Author: Mark Szymczyk
Last Update: September 19, 2012
This article provides an introduction to the Simple DirectMedia Library (SDL) and using it for OpenGL programs. Although I focus on using SDL with Mac OS X in the article, there is also a lot of good information for SDL developers on any platform.
The Xcode setup instructions in the article no longer apply in Xcode 4. I added a link to my Using SDL with Xcode 4 article to the HTML version of this article. (September 19, 2012)
I removed the last three sentences of the first paragraph in the Setting Up SDL in Xcode section. SDL 1.2.14 removed the Project Builder templates so there was no need to explain the difference between the Xcode and Project Builder templates. SDL now has Xcode project templates for Mac OS X 10.4 (Tiger), 10.5 (Leopard), and 10.6 (Snow Leopard). (December 29, 2009)
I revised the material on including the OpenGL header files. The new material makes it very clear that including SDL_opengl.h is superior from a cross-platform perspective than including gl.h manually. (December 4, 2007)
The Mac OS X version of SDL 1.2.10 no longer includes an installer. The article has been updated to reflect that information. (June 9, 2006)
SDL 1.2.10 has been released.
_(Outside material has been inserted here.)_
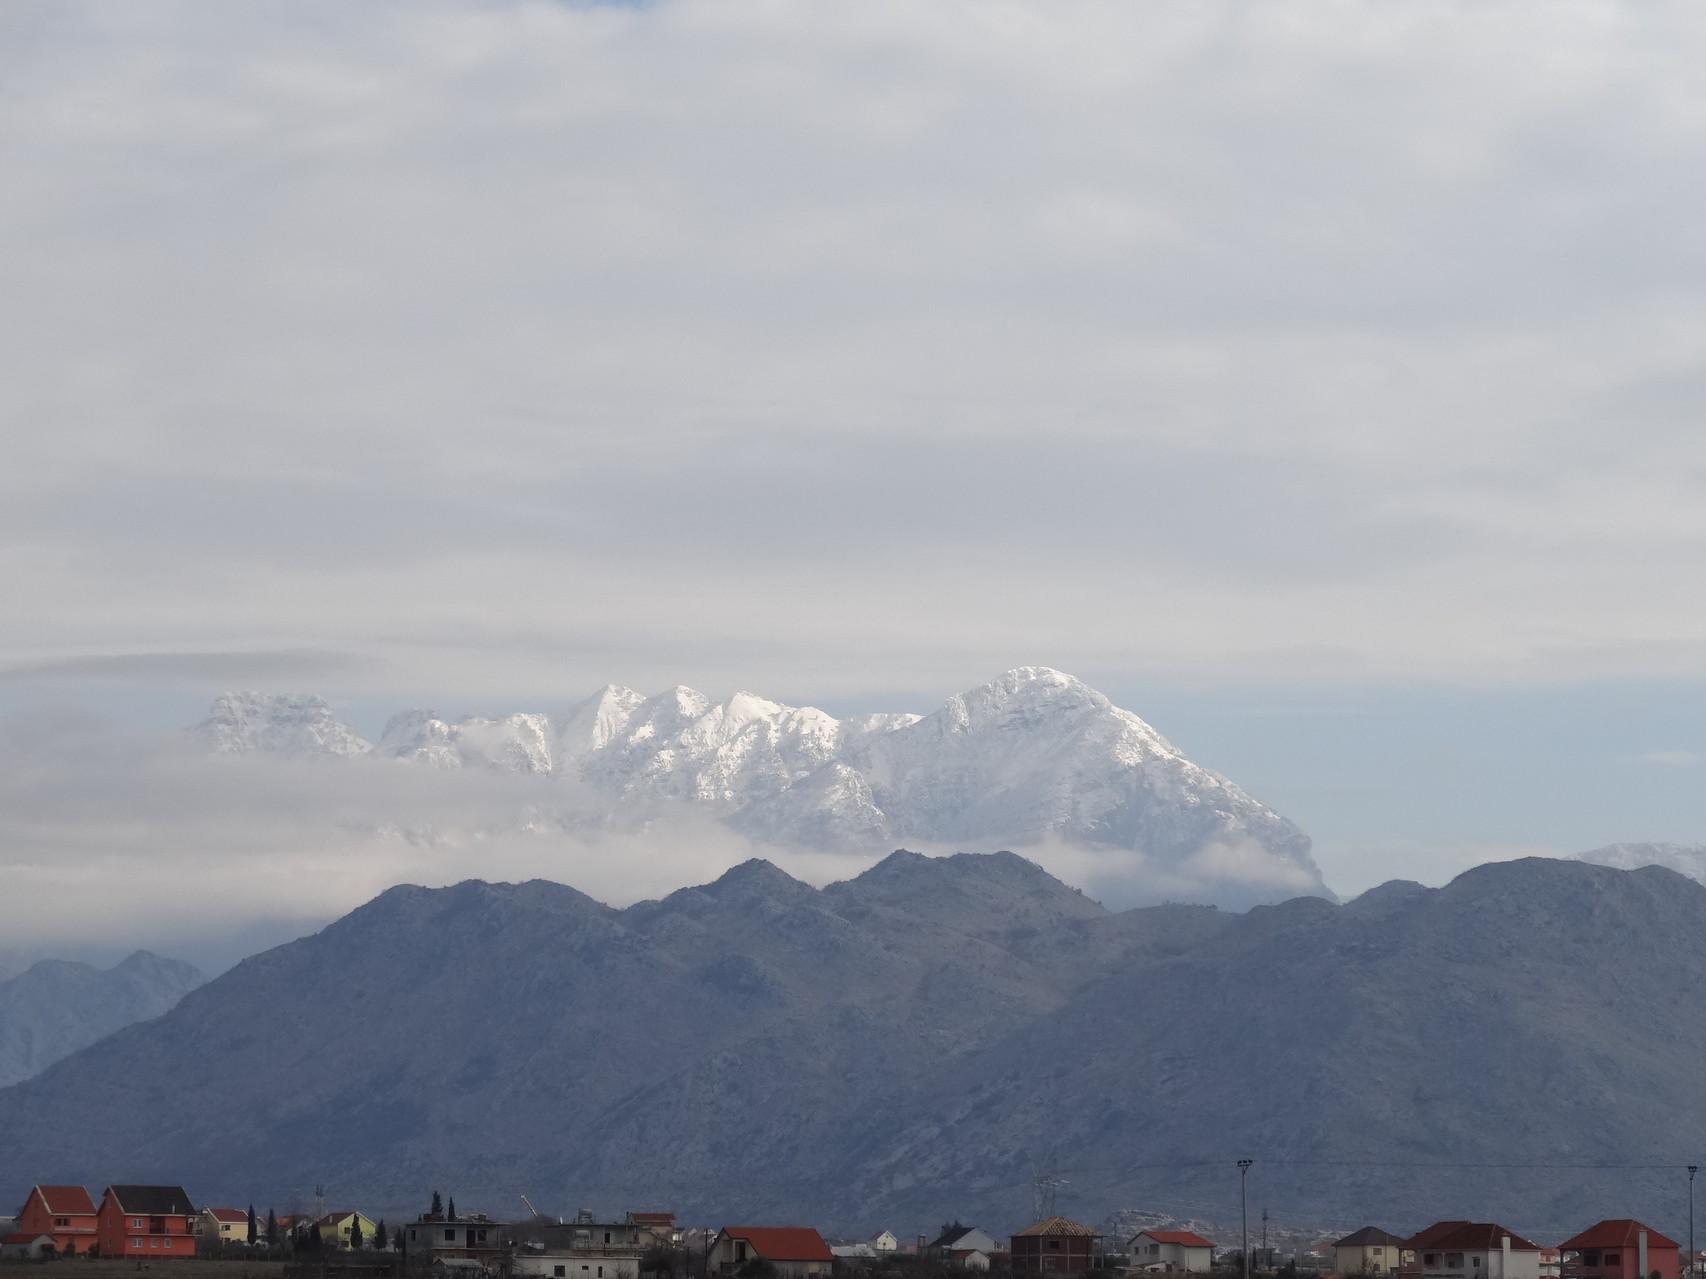 Je contourne les montagnes albanaises par la plaine jusqu'a Tirana

The Mac OS X version supports universal binaries. You no longer have to download the SDL source and build the framework to create universal binaries that run on Intel and PowerPC Macs. (May 17, 2006)
SDL is an open source library to handle the operating system dependent parts of game development. It can handle things like creating a window, reading mouse, keyboard, and joystick input from the player, playing audio, and creating threads.
SDL shines for writing games on multiple operating system. Suppose you wanted to write an OpenGL game that ran on Linux, Mac OS X, and Windows. Without a library like SDL, you would have to learn the following technologies:
SDL saves you the hassle of having to become intimately familiar with the details of programming multiple operating systems. Learn SDL and your code can run on multiple operating systems in the time it takes to write a game for one operating system.
SDL comes with functions for 2D graphics, but I’m going to be focusing on using SDL with OpenGL in this article. 2D drawing with OpenGL is faster than using SDL’s functions because OpenGL takes advantage of graphics hardware acceleration. Plus, OpenGL can be used for both 2D and 3D graphics, which makes OpenGL more versatile than SDL’s 2D drawing functions.